Après extraction de l'ADN contenu dans les échantillons, trois marqueurs génétiques des élasmobranches ont été testés pour l'amplification PCR et l'inventaire par metabarcoding : Shark_miniCOI (Fields et al. 2015), Elas01 (Miya et al. 2015) et Elas02 (Taberlet et al. 2018). En parallèle, six couples d'amorces spécifiques ont été conçus ou optimisés in silico puis testés in vitro pour la détection par qPCR de quatre espèces de requins et deux espèces de raies, choisies selon leur statut sur la liste rouge des espèces menacées établie par l'Union Internationale pour la Conservation de la Nature (UICN).

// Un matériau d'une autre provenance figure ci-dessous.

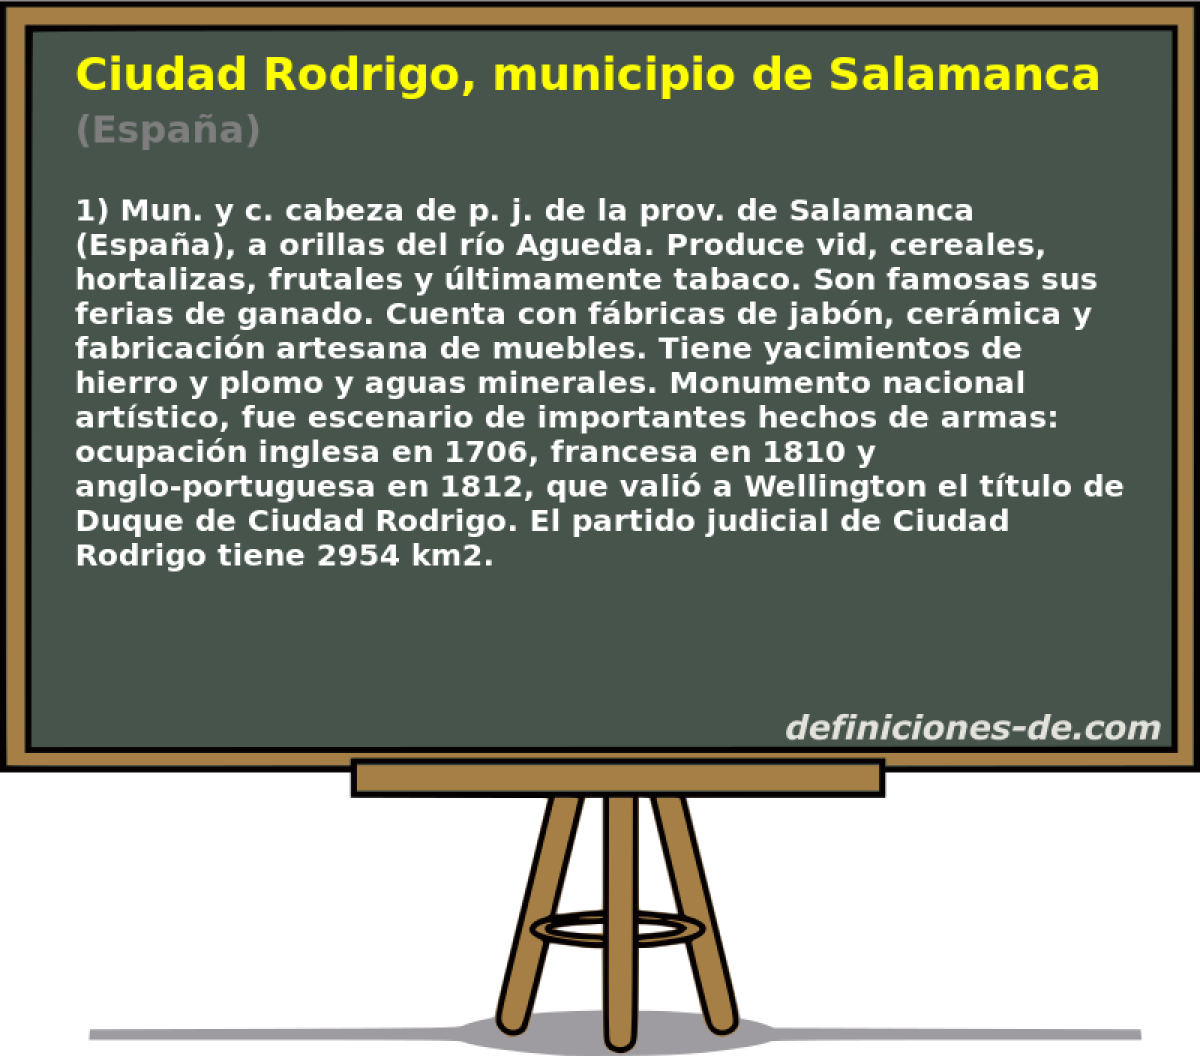 Ciudad Rodrigo, municipio de Salamanca (Espaa)

Résultats de l'inventaire global

Les données issues du séquençage ont permis de dresser, par analyse bioinformatique, la liste des taxons identifiés pour chaque échantillon avec le nombre de séquences associées. Les cartographies ci-dessous représentent les taxons Poissons et Elasmobranches identifiés par les marqueurs Elas01 et Elas02 selon la localisation des stations :

  • Elas01 permet d'apprécier la diversité ichtyologique avec la détection de 38 familles de poissons et 114 espèces. Ce marqueur a également permis d'identifier six espèces de raies et quatre espèces de requins.

  • Elas02 détecte également un grand nombre de familles de poissons osseux (21 familles avec 64 espèces) ainsi qu'un total de quinze espèces d'élasmobranches (neuf espèces de raies et six espèces de requins).

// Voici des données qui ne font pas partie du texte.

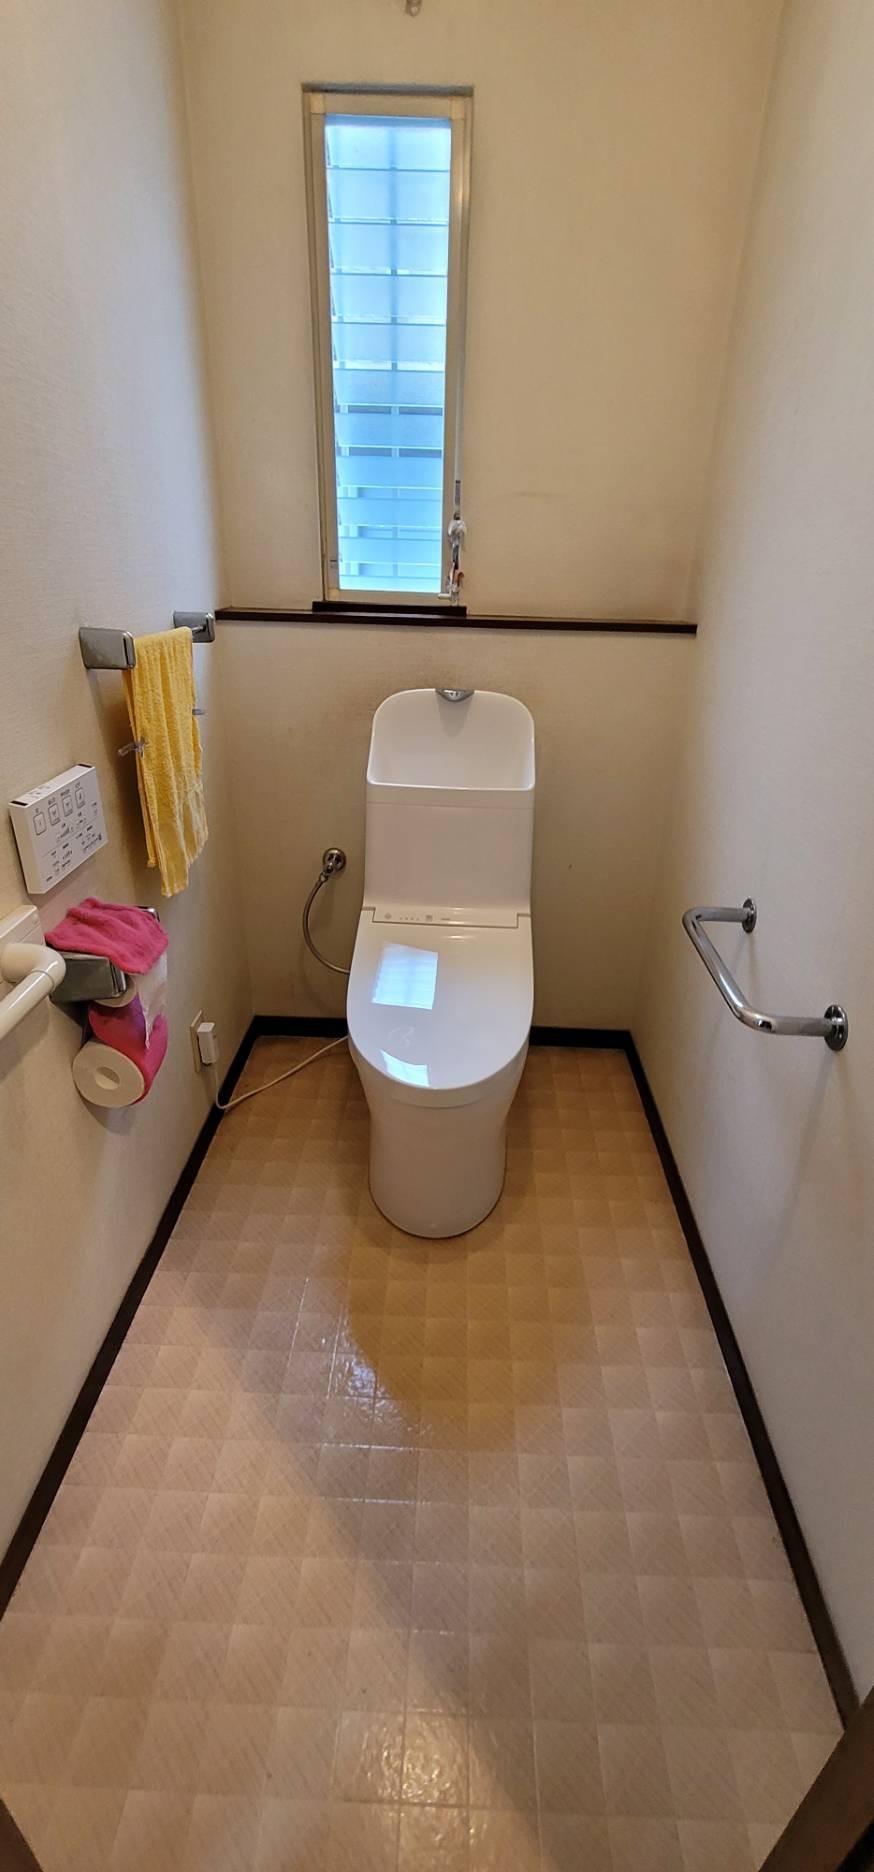 名古屋市緑区  トイレの水漏レの為取り替えしました。 画像

  • Il n'existe pas de différence significative entre les performances de détection des espèces cibles par metabarcoding et qPCR, les données obtenues par les deux méthodes sont cohérentes.

  • Les inventaires par observation directe et par ADNe conduisent à des résultats similaires pour les espèces communes telles que les raies aigles, raies pastenagues à tâches noires et raies fouets. En revanche, les deux méthodes s'avèrent complémentaires concernant les espèces moins fréquentes dans les eaux réunionnaises.

  • La répartition des élasmobranches autour de l'île semble varier selon l'orientation est/ouest et les saisons. Par exemple, les raies fouet ont été davantage détectées entre janvier et mars, et la présence des raies guitares a été plus importante en hiver austral malgré une détection tout au long de l'année.

Conclusion de l'étude

L'outil ADNe confirme et complète les données issues du programme MAEO : la majorité des espèces observées visuellement sont détectées par ADNe et certaines espèces non visibles par les caméras ou lors des plongées d’observation sont identifiées grâce à l'ADNe. Le projet, en collaboration avec ARGALY, a ainsi permis d’apporter une expertise ADNe pour le suivi des raies et des requins à La Réunion afin de participer à une meilleure connaissance de la biodiversité des élasmobranches de l’archipel des Mascareignes, et ouvre donc la voie pour la mise en place d’actions de préservation.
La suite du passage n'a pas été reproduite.